調査リポート
» 2011年12月08日 21時28分 UPDATE

調査リポート:未成年者の携帯利用意識、デジタルアーツが調査

未成年者のスマートフォンの所有率や携帯利用に関する家庭のルールなどをデジタルアーツが調査した。

[ITmedia]

 フィルタリングソフトなどを提供するデジタルアーツは12月7日、未成年者の携帯電話・スマートフォン使用実態調査の結果を発表した。調査はインターネット協会監修のもと、11月18、19日の両日、全国の10歳から18歳の男女を対象に実施。有効回答は1236人。

所有端末の動向――スマホ率はまだ低いが、将来の利用意向は高い

 所有する端末に関しての調査では、調査対象全体の71.0%がフィーチャーフォンを持っており、スマートフォンの所有者は14.4%にとどまった。スマートフォンのうちAndroidユーザーは7.7%、iPhoneユーザーは6.7%だった。スマートフォンの所有率は年代が高くなるほどに高く、高校生の14.8%がAndroid端末を、12.1%がiPhoneを所有していた。また、現在スマートフォンを使用していない回答者の64.2%が、スマートフォンの今後の利用を希望した。

 スマートフォン所有者に最も利用されているアプリは「ゲーム」で、アプリ利用の経験がある回答者のうち75.4%がよく使っているアプリと回答した。このほか、「趣味」が41.1%、「SNS」が40.6%と続いた。

家庭内の利用ルール、年代により異なる傾向

 家庭内で携帯電話の使用についてルールがあるかという質問には、スマートフォン非所有者の70.9%が「ある」とした一方、スマートフォン所有者は「ある」としたのが39.9%にとどまった。スマートフォンユーザーは比較的自由に端末を利用しているといえそうだ。

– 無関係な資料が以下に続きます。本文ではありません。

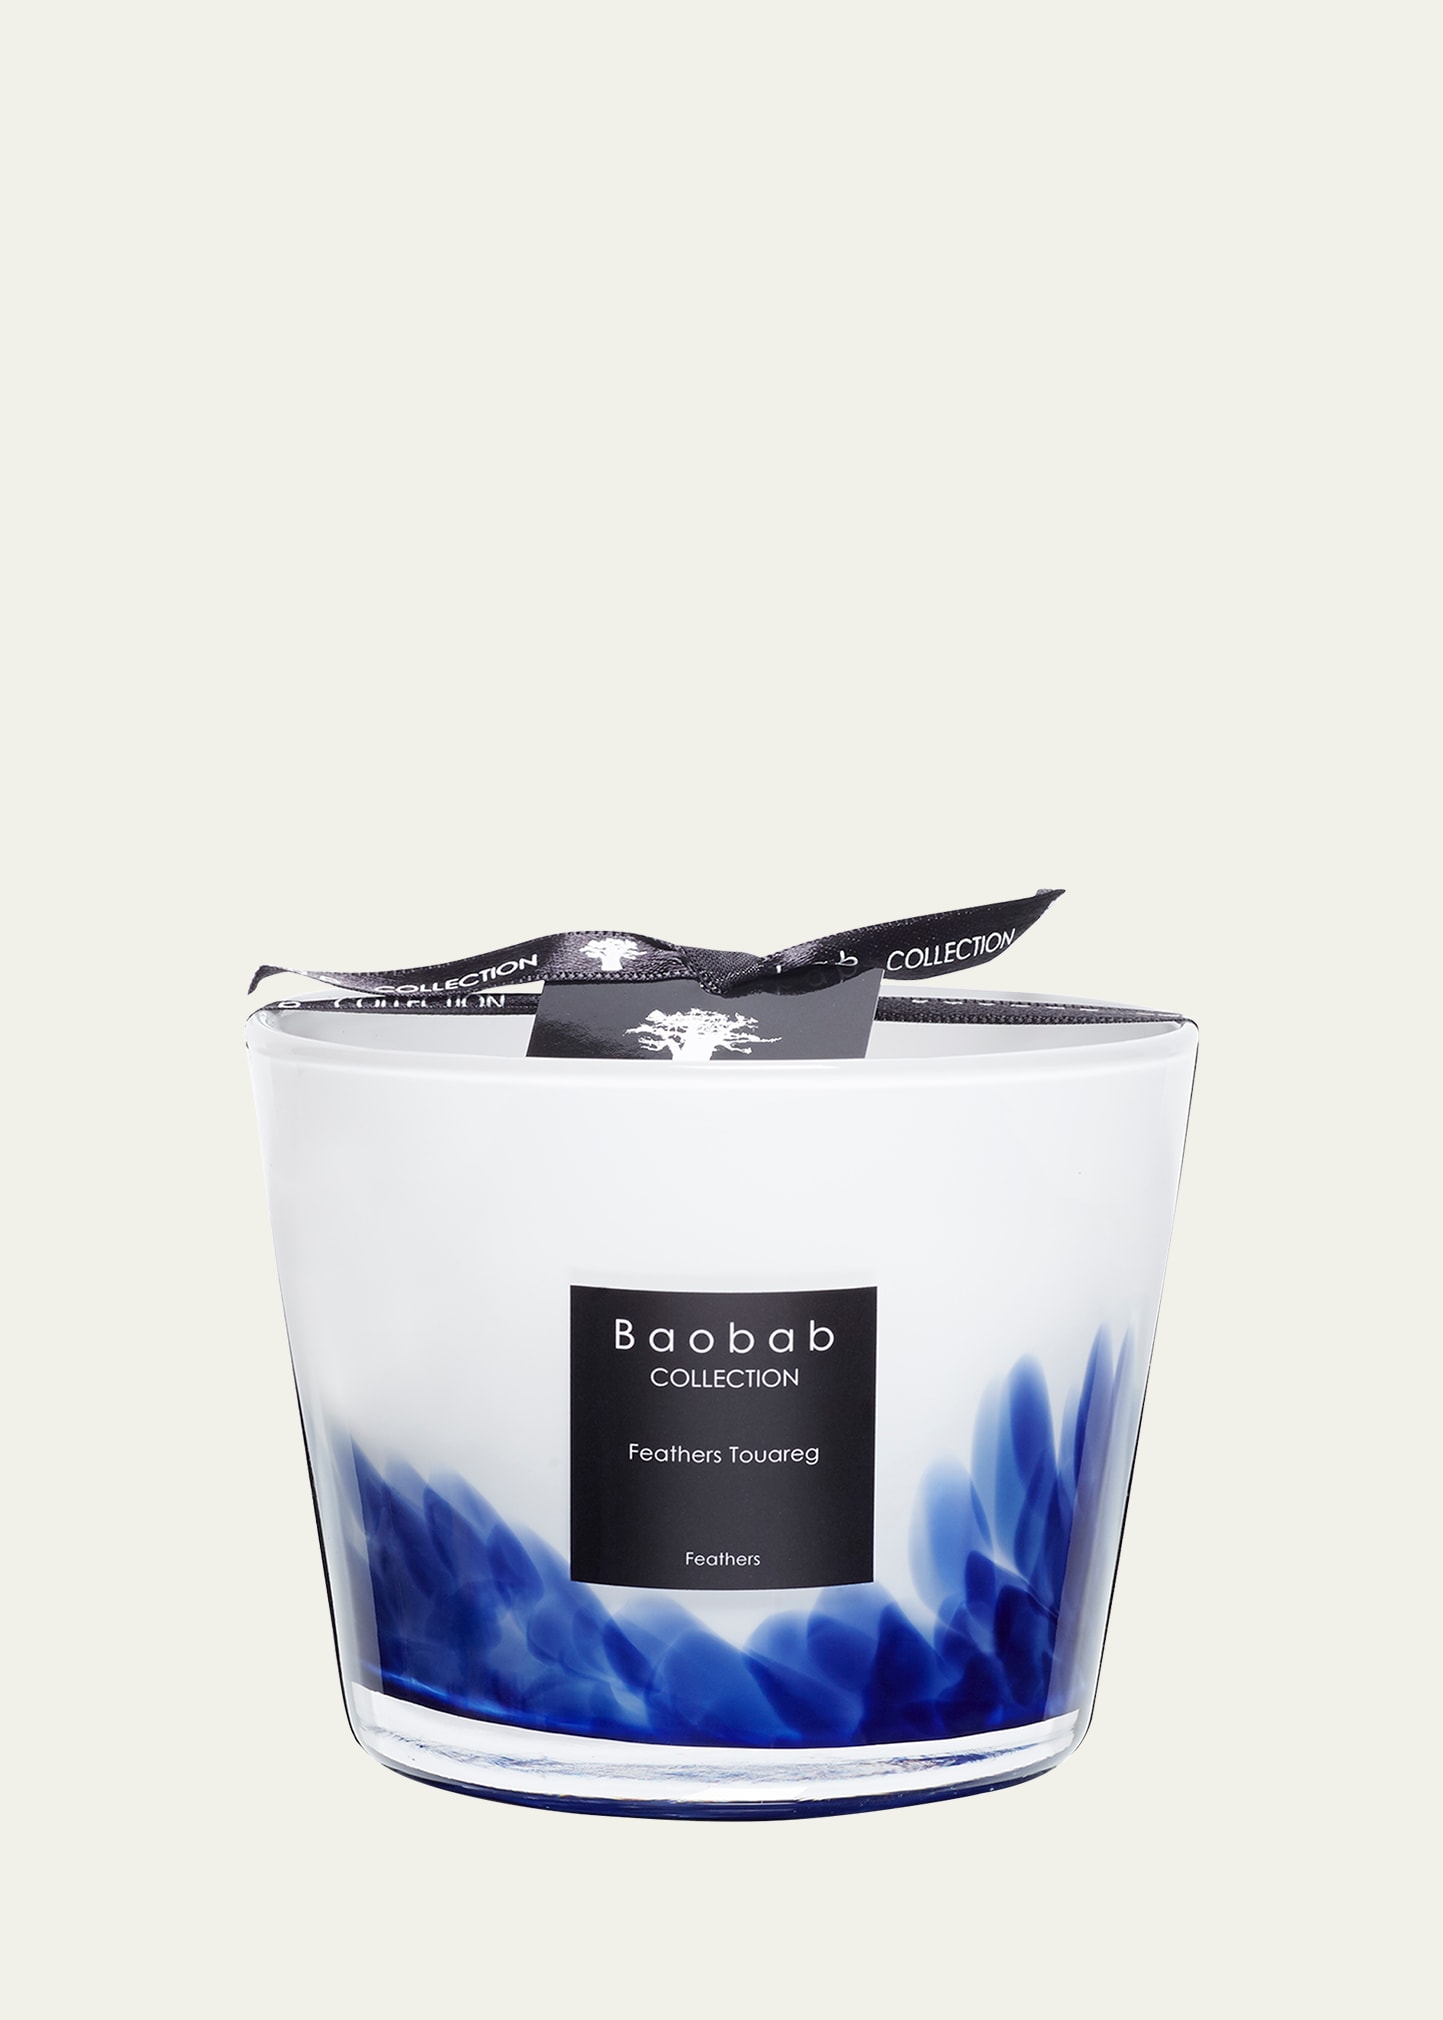 Baobab Collection Max 10 Feathers Touareg Scented Candle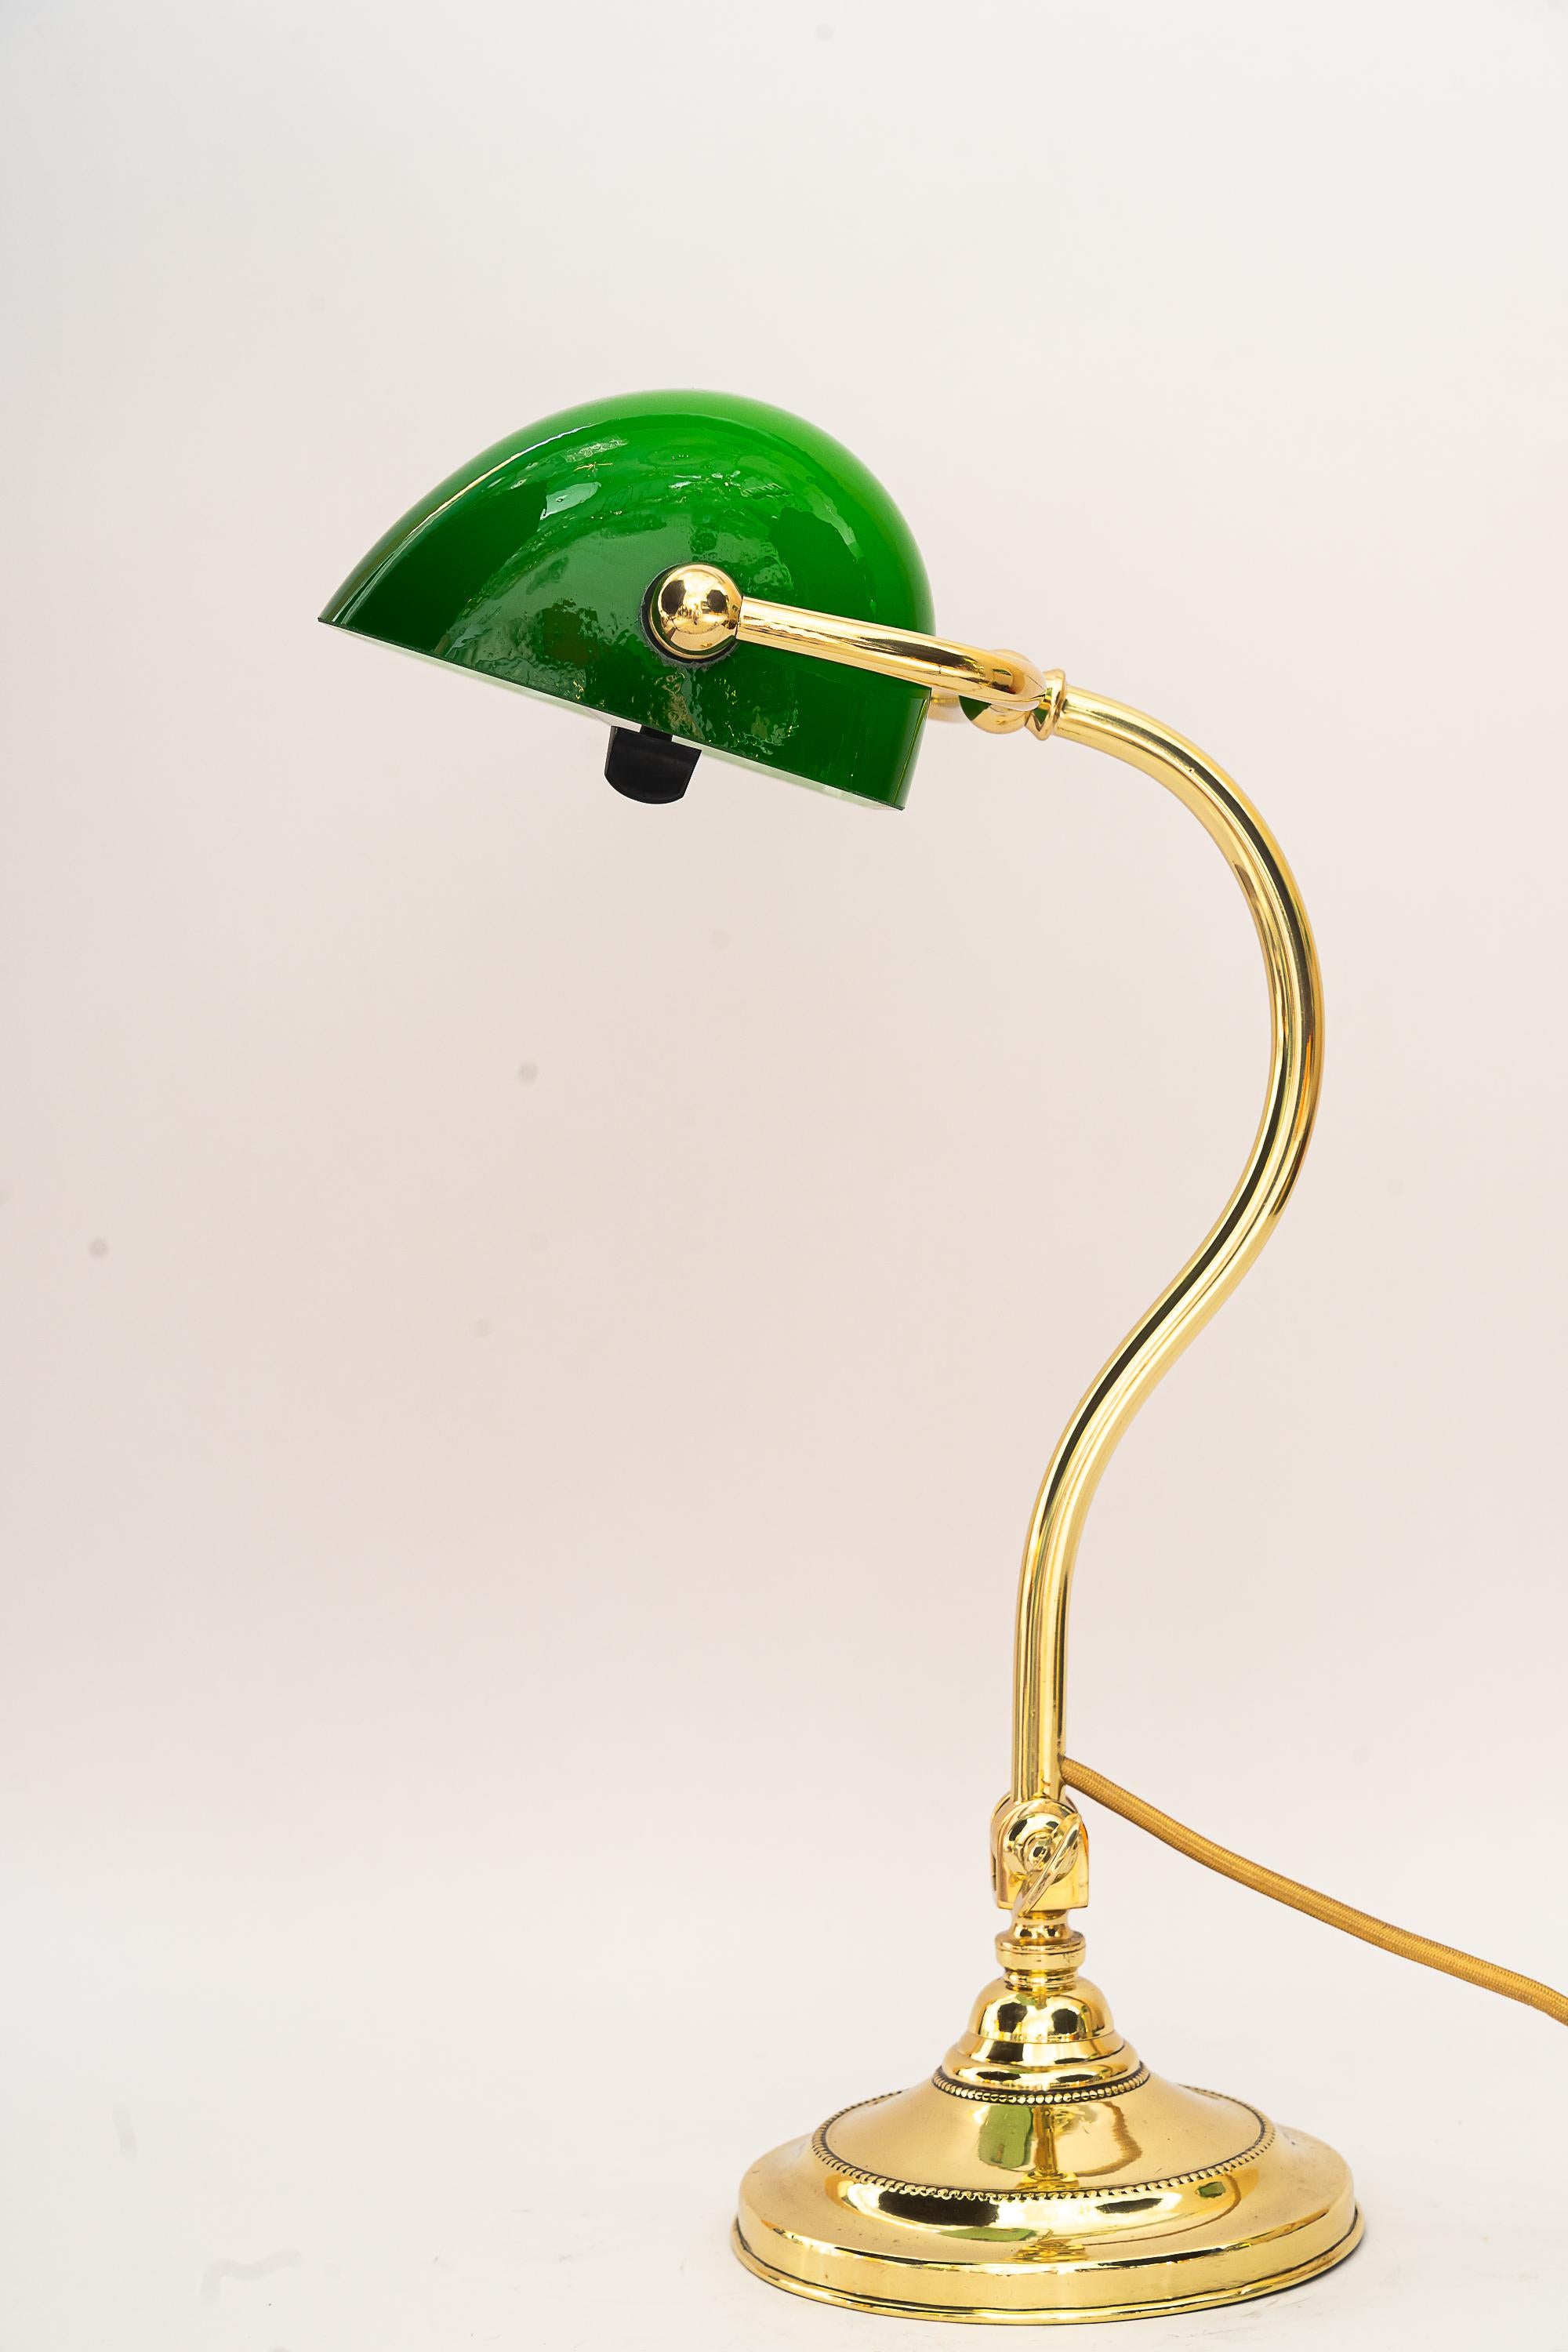 Adjustable Banker lamp around 1920s
Polished and stove enameled
Deep from 25cm up to 42cm

 つづいて、利用ルールの内容を見ると、全体として小学生は「インターネットをしない」「通話は家族と連絡をする時だけ」といった用途の制限に関するルールが多く、中学生では「チェーンメールは転送しない」「ネット上で悪口/個人が特定できる情報を書き込まない」など情報モラルに関するルールが特に多かった。高校生では男女ともに「毎月の料金に制限がある」という回答が多く、用途や情報モラルに関するルールは少ない傾向がみられた。

ネット上の友達との出会い 高校生の6割が経験

 インターネット上で知り合った友達の有無を聞くと、全体の26.1%が「いる」と答えた。また、高校生においては「いる」傾向が高く、60.0%となった。

 ネット上に友達がいるとした回答者の中で、実際にその友達と会ったことがあるかを聞くと、「会ったことはない」は44.9%、「会ってみたいが怖いのでやめている」は11.5%だった。一方、「一人で会いに行った」という回答者も27.6%存在した。

 インターネット上の友達とどこで知り合ったかについては、35.3%が「自分のブログ」と回答し、最多となった。男女別に見ると、男子は26.1%、女子は42.2%と、ブログで知り合う割合いは女子の方が高い。第2位は「mixi」で29.1%、第3位は「オンラインゲーム」で24.8%、第4位は「Twitter」で24.5%となった。なお「オンラインゲーム」という回答では、男子が34.1%、女子が17.8パーセントと、ブログと並んで男女差が大きかった。

インターネット上でのトラブル経験率

 インターネット上でのトラブル経験者は全体の10.8%。高校生では23.3%、スマートフォン所有者では18.5%がトラブル経験ありと回答した。また、トラブルが起きた場合に保護者に相談しないとした未成年者は、全体の5.3%いた。にその理由を聞くと、「相談すると使わせてもらえなくなる」が46.2%、「保護者が自分より知識がないから相談しても仕方がない」が44.6%、「自分で解決できる自信がある」が35.4%だった。

 現在、携帯電話・スマートフォンのフィルタリングを利用しているのは、全体の40.6%だった。高校生やスマートフォン所有者でフィルタリング使用者が少なく、特にスマートフォン所有者では27.5%にとどまった。

 フィルタリングを利用しない理由は、「自由に見たいサイトが見られない」という回答が50.6%で最多だった。また「フィルタリングがなくても危険な目に合わないと思う」という回答が31.1%で第2位となった。